By the supposition mentioned above, when the former discriminated result stored in the memory 33 (the determined result by the determination unit 31) is “child” in “OFF” state of the switch sensor 1a (the state detecting means 1), the CPU 3 (discriminating means 3) discriminates the occupant as follows. Even if the result determined by the determination unit 31 is “adult” corresponding to the change in measured result by the load sensors 2a and 2b (the load measuring means 2), this is not output as the discriminated result. That is, the discriminated result output unit 32 outputs the former discriminated result stored in the memory 33 (the kind discriminated before the load change) as the discriminated result (see FIGS. 9C and 9F). As a result, the stored former discriminated result is maintained.

FIGS. 10A to 10G are drawings illustrating a third case for discriminating an occupant on the basis of the former discriminated result, the result detected by the state detecting means, and the result measured by the load measuring means, wherein FIG. 10A shows that the adult occupant tends to slightly stoop from the normal sitting posture. In this posture, the switch sensor 1a (the state detecting means 1) exists below the upper thigh of the occupant so as to detect the presence of the occupant, i.e., to be turned on. On the other hand, since the center of gravity is positioned at the front, the load applied to the rear of the seat 11 is measured to be smaller than the actual load due to the occupant. As a result, the load becomes arrow “a” of FIG. 10C, so that the load is reduced lower than the threshold value X and the occupant might be determined to be “child” although the occupant is an adult. When a child occupant is sitting in a normal sitting posture, the load becomes arrow “b” of FIG. 10C as a matter of course, so that the load is reduced lower than the threshold value X and the occupant is precisely determined to be “child”. The former case is shown in FIG. 1C, and since the determined (discriminated) kind of the occupant is different from an actual one, the load is shown by a dotted line.
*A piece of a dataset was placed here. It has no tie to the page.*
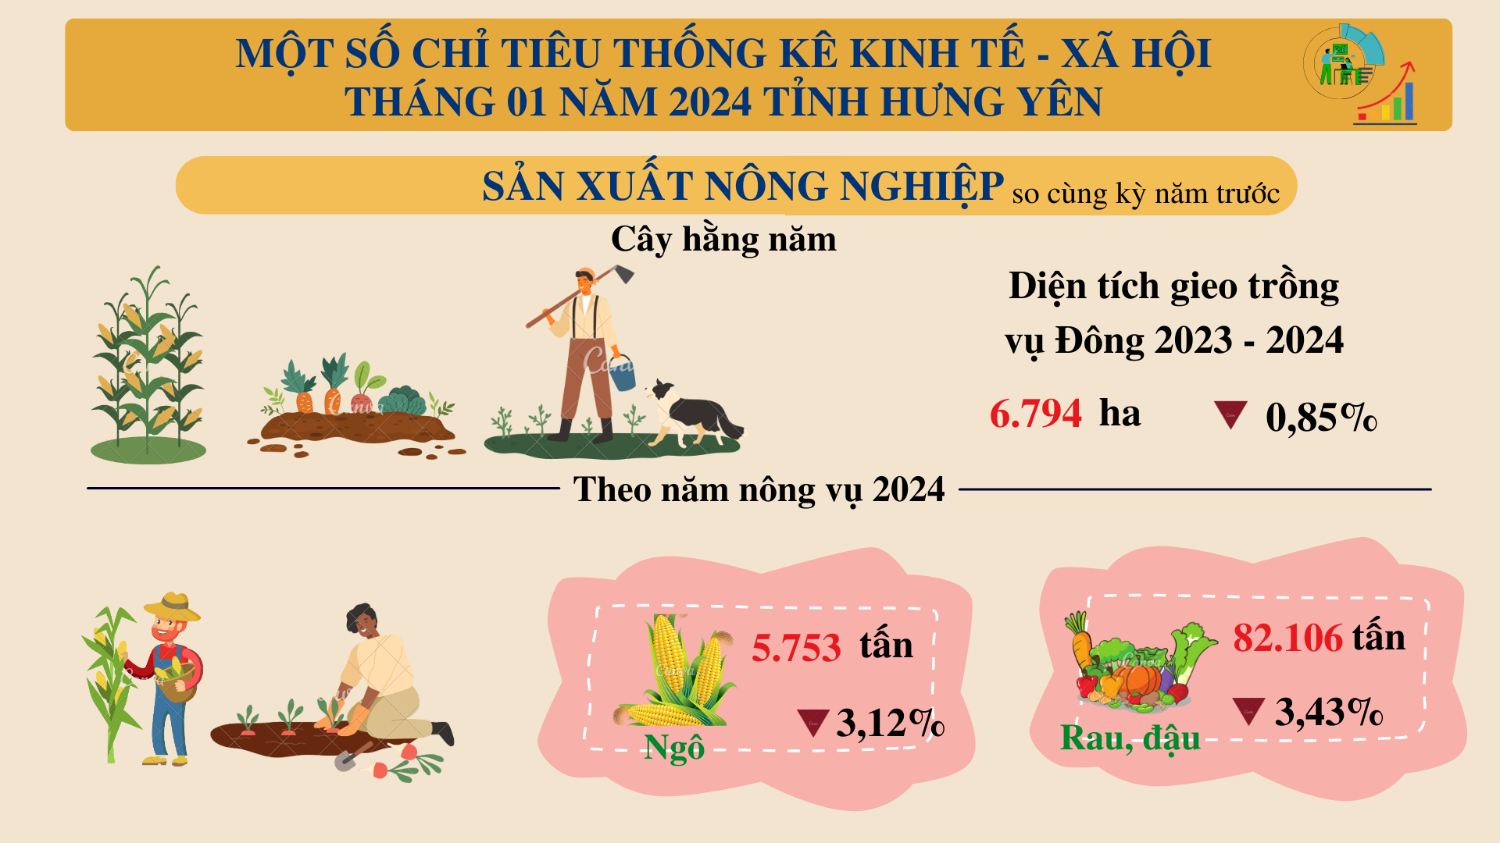 Tình hình kinh tế - xã hội tỉnh Hưng Yên tháng Một năm 2024

A case is supposed herein in that the kind determined by the determination unit 31 that is “child” changes to the different kind “adult”. FIG. 10E shows that the adult occupant returns to the normal posture from the posture of FIG. 10A. In this case, the load varies corresponding to the change in occupant posture. That is, since the load applied to the rear of the seat 11 increases, the load measured by the load sensors 2a and 2b is increased. As a result, the load becomes arrow “e” of FIG. 10F, so that the load is increased higher than the threshold value X, and the occupant is precisely determined to be “adult”. In addition, an adult sitting in a normal posture does generally not stand up (the result detected by the switch sensor 1a does not vary), so that the load increase is difficult to be assumed, and this is not considered in this case.
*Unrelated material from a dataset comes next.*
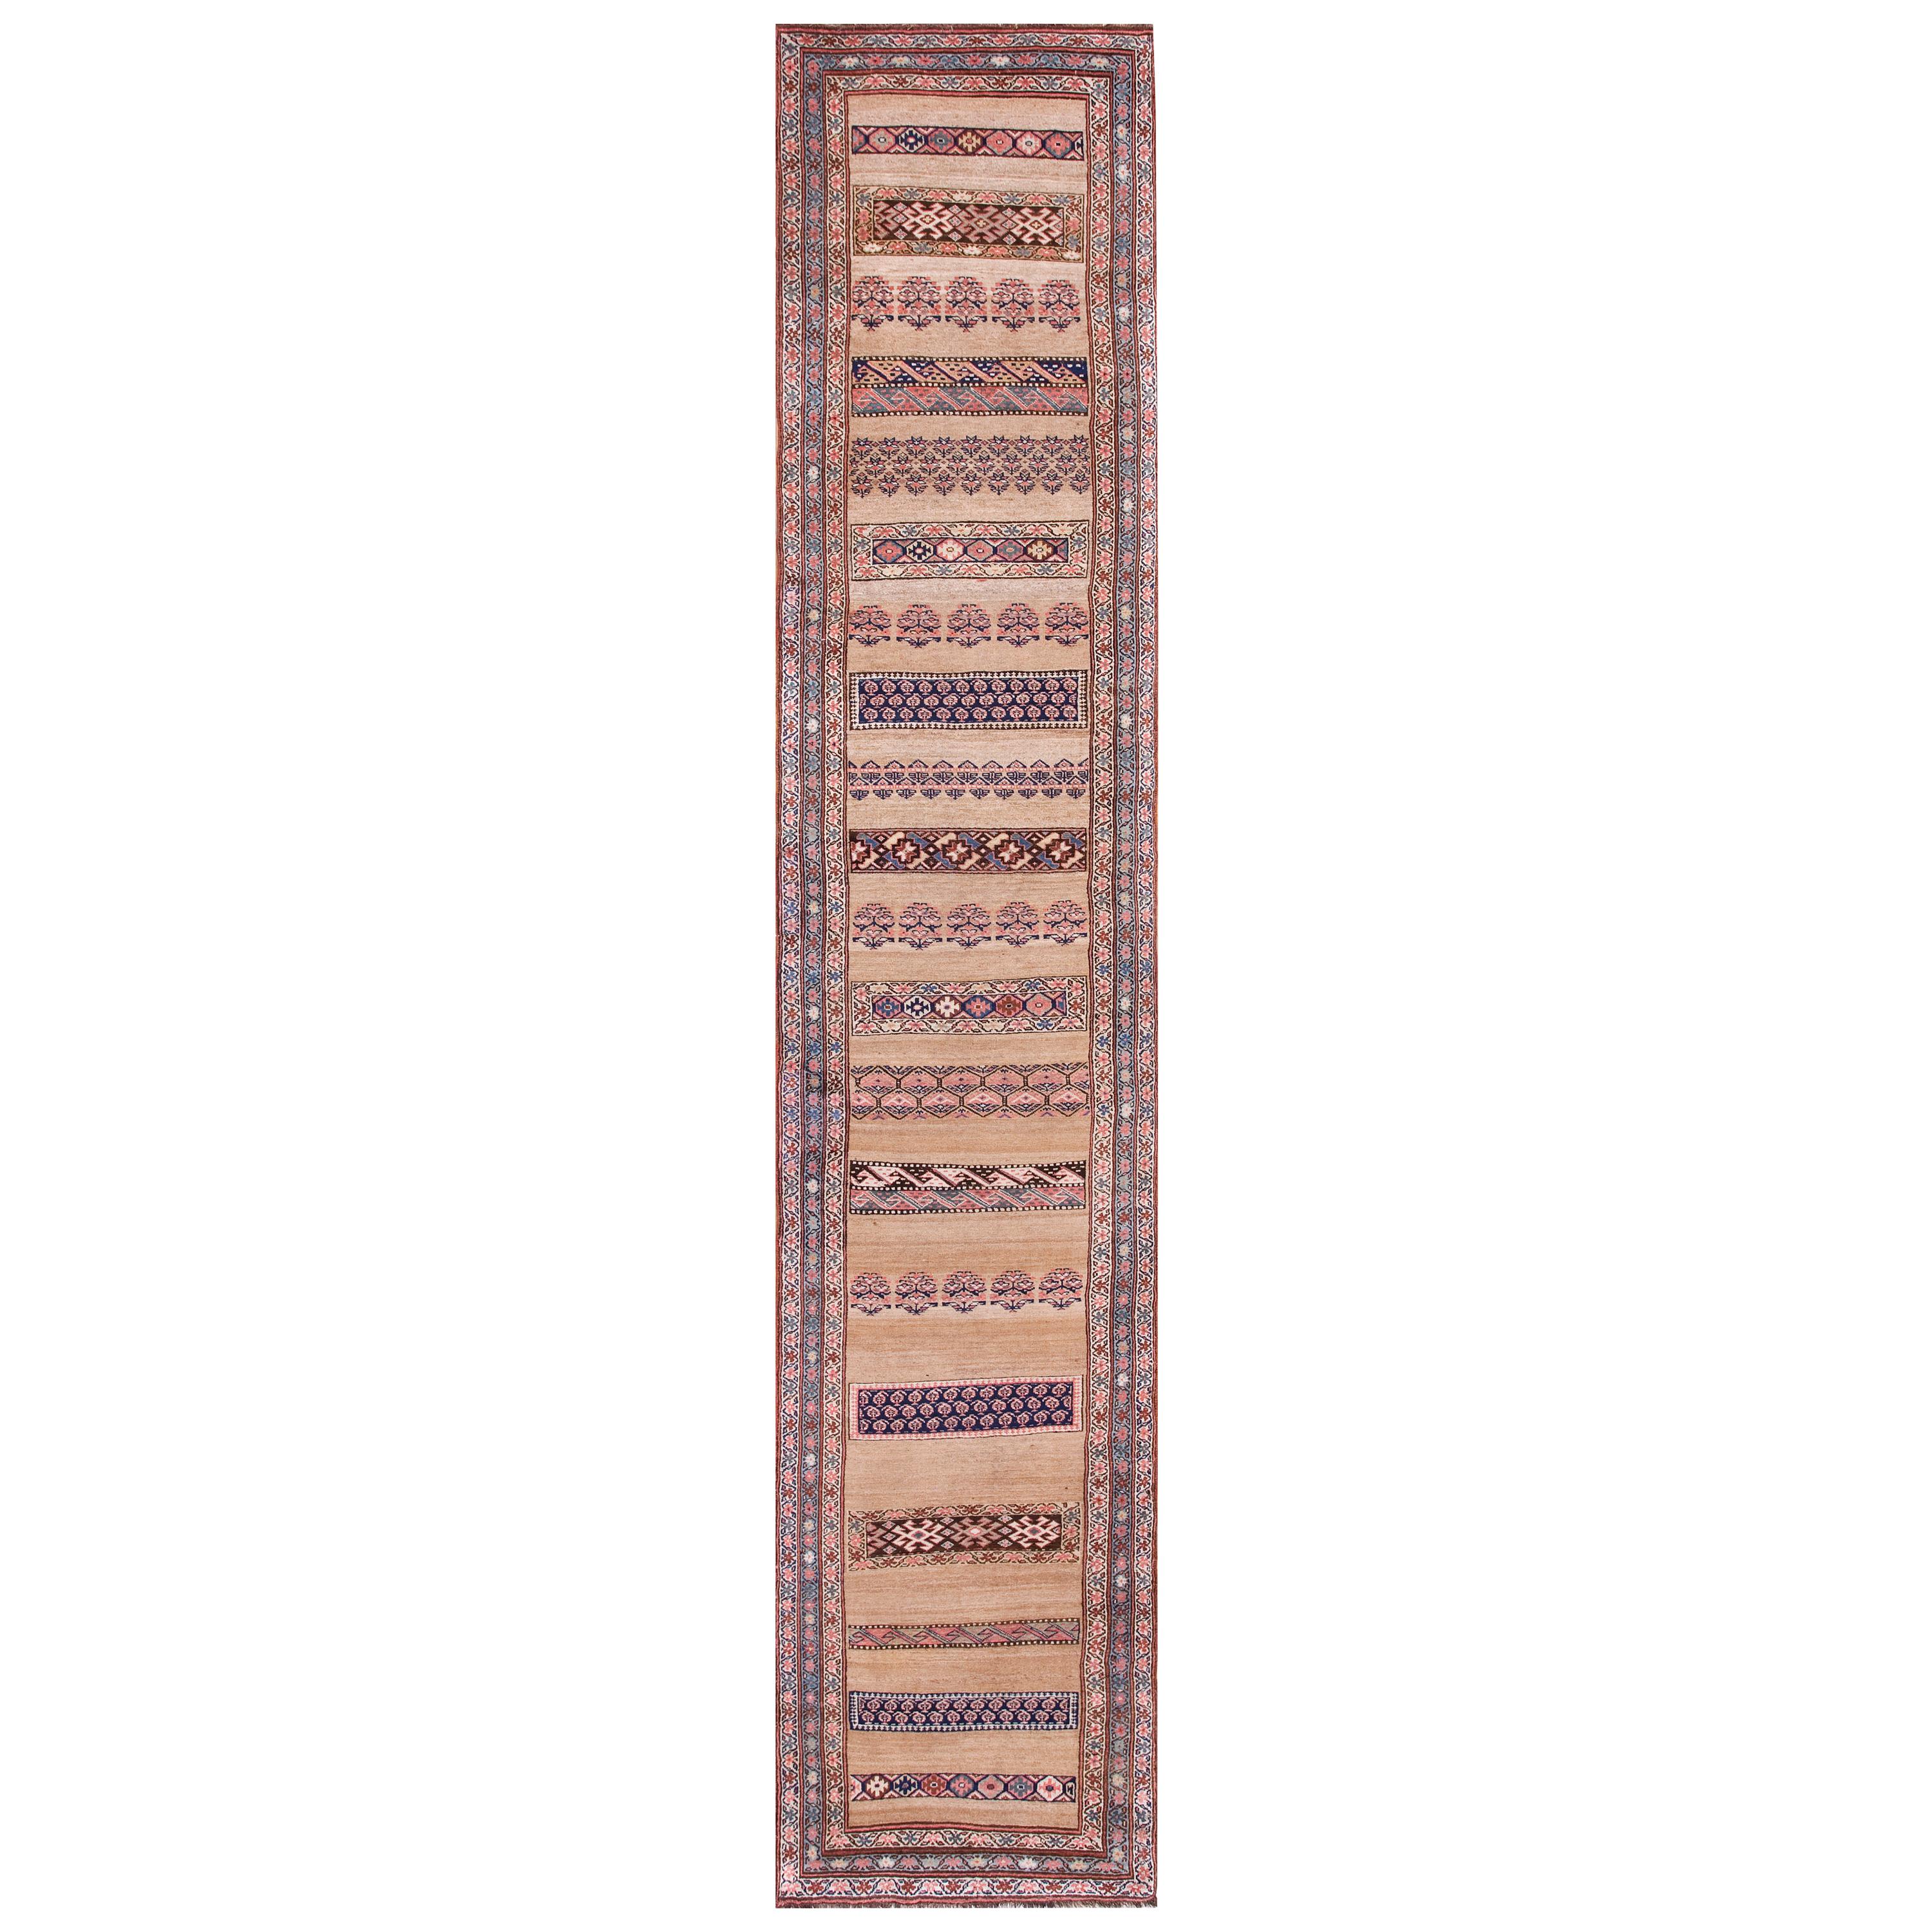 19th Century W. Persian Bijar Carpet ( 3'4" x 17' - 102 x 518 )

By the supposition mentioned above, when the former discriminated result stored in the memory 33 (the determined result by the determination unit 31) is “child” in “ON” state of the switch sensor 1a (the state detecting means 1), the CPU 3 (discriminating means 3) discriminates the occupant as follows. If the result determined by the determination unit 31 is “adult” corresponding to the change in measured result by the load sensors 2a and 2b (the load measuring means 2), this is adopted as the precise discriminated result. That is, the discriminated result output unit 32 outputs the kind different from the former discriminated result stored in the memory 33 (the kind discriminated before the load change) as the discriminated result (see FIGS. 10D and 10G).

FIGS. 11A to 11F are drawings illustrating a fourth case for discriminating an occupant on the basis of the former discriminated result, the result detected by the state detecting means, and the result measured by the load measuring means, wherein FIG. 11A shows a child standing up on the seat 11 of the vehicle seat 10. In this posture, the child body does not exist on the switch sensor 1a (the state detecting means 1) so as to turn the switch sensor 1a off. The load sensors 2a and 2b measures the load applied to the rear of the seat 11 larger than the weight of the child occupant. As a result, the load becomes arrow “a” of FIG. 11B, so that the load is increased larger than the threshold value X and the occupant might be determined to be “adult” although the occupant is a child. Since the determined (discriminated) kind of the occupant is different from an actual one, the load is shown in FIG. 11C by a dotted line.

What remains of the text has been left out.